Muhammad Shafique from NYU Abu Dhabi discusses building energy-efficient and robust EdgeAI systems. The talk covers trends, challenges, and techniques for optimizing software and hardware stacks. These optimizations aim to enable embodied AI in autonomous systems, IoT-Healthcare, Industrial-IoT, and smart environments. Why it matters: The research addresses key challenges in deploying AI on resource-constrained edge devices in the GCC region, particularly regarding energy efficiency and security.
NYU Abu Dhabi hosted a talk by Prof. Debdeep Mukhopadhyay on the intersection of machine learning and hardware security. The talk covered using ML/DL for side-channel attacks, leakage assessment in crypto-devices, and threats to hardware security primitives. Prof. Mukhopadhyay is a visiting professor at NYU Abu Dhabi and Institute Chair Professor at IIT Kharagpur. Why it matters: The talk highlights the growing importance of hardware security in modern systems and the role of machine learning in both attacking and defending hardware vulnerabilities.
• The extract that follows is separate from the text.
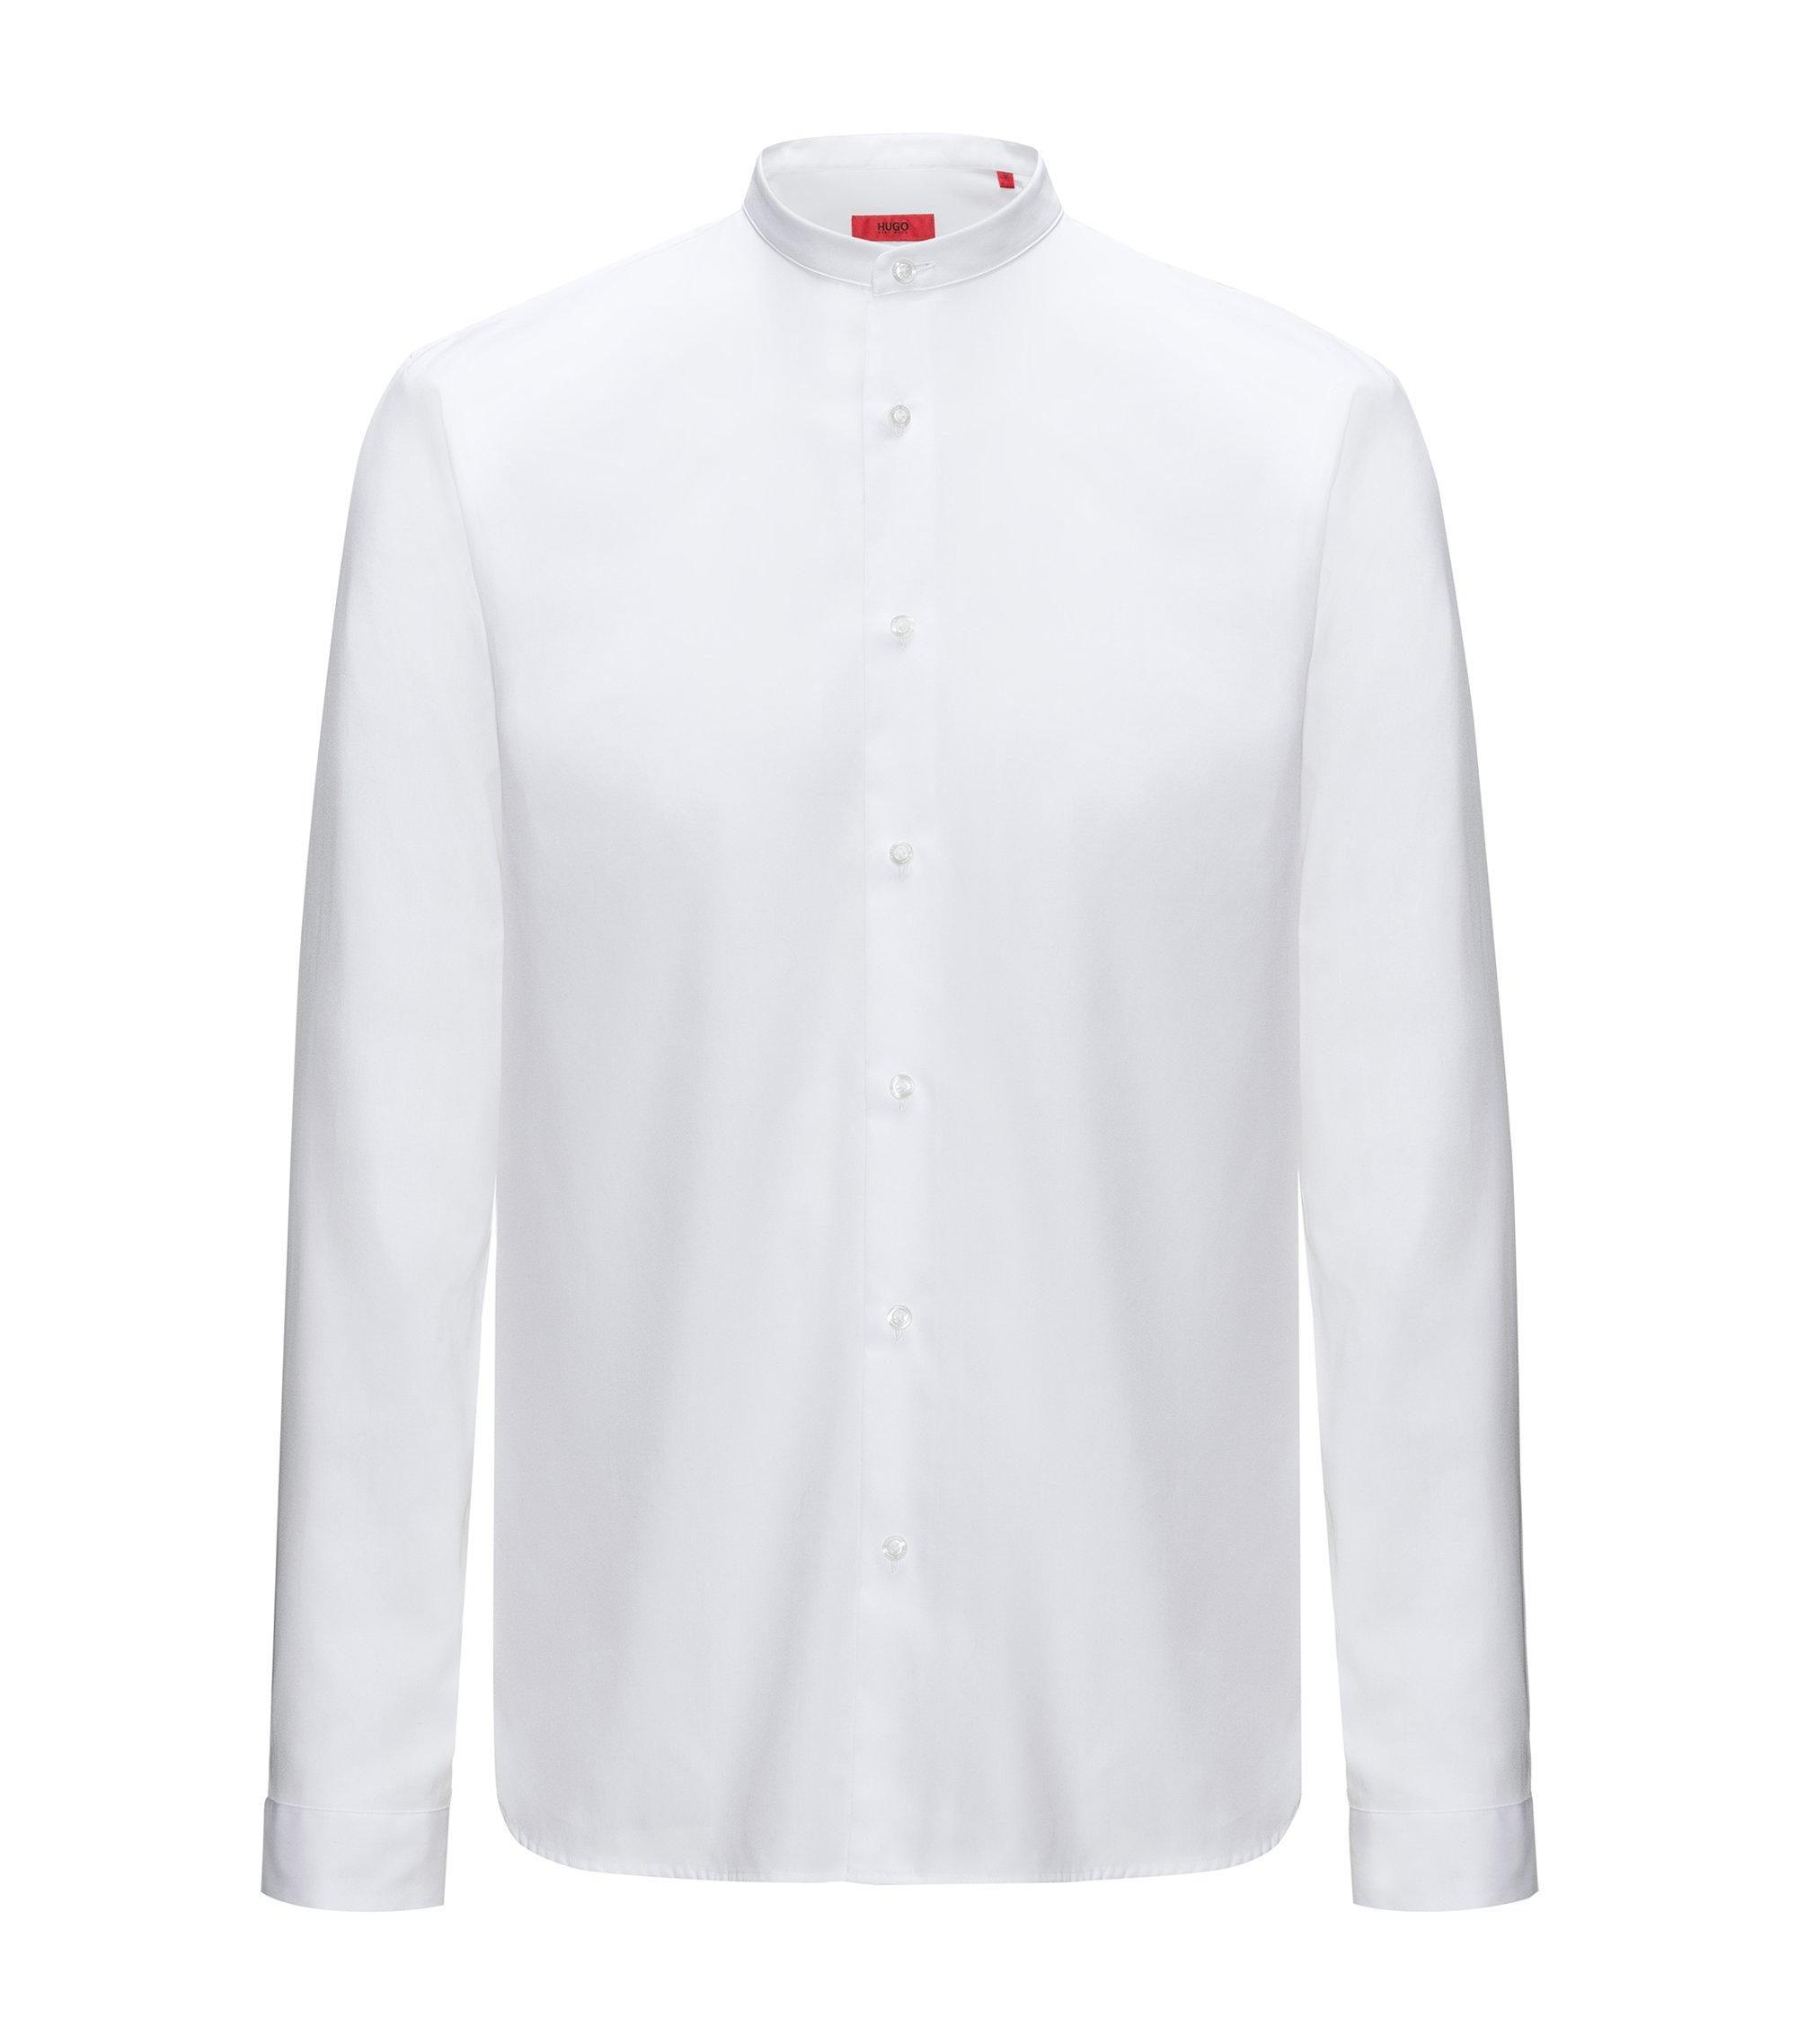 Chemise Relaxed Fit en coton à col mao, Blanc

A PhD candidate from the University of Waterloo presented on threats from large machine learning systems at MBZUAI. The talk covered data privacy during inference and the misuse of ML systems to generate deepfakes. The speaker also analyzed differential privacy and watermarking as potential solutions. Why it matters: Understanding and mitigating the risks of large ML systems is crucial for responsible AI development and deployment in the region.
This article discusses adversarial training (AT) as a method to improve the robustness of machine learning models against adversarial attacks. AT aims to correctly classify data and ensure no data fall near decision boundaries, simulating adversarial attacks during training. Dr. Jingfeng Zhang from RIKEN-AIP will present on improvements to AT and its application in evaluating and enhancing the reliability of ML methods. Why it matters: As ML models become more prevalent in real-world applications in the GCC region, ensuring their robustness against adversarial attacks is crucial for maintaining their reliability and security.
MBZUAI Associate Professor Karthik Nandakumar is conducting computer vision research with students, focusing on security, privacy, and trustworthiness in AI. His SPriNT-AI lab is developing machine learning algorithms for industries like energy, health, and security, aligning research with the UAE’s strategic goals. One project involves using drones to detect defects in solar plants in collaboration with Masdar. Why it matters: This applied research contributes to the UAE's sustainable development goals and enhances the practical skills of AI students for local industry needs.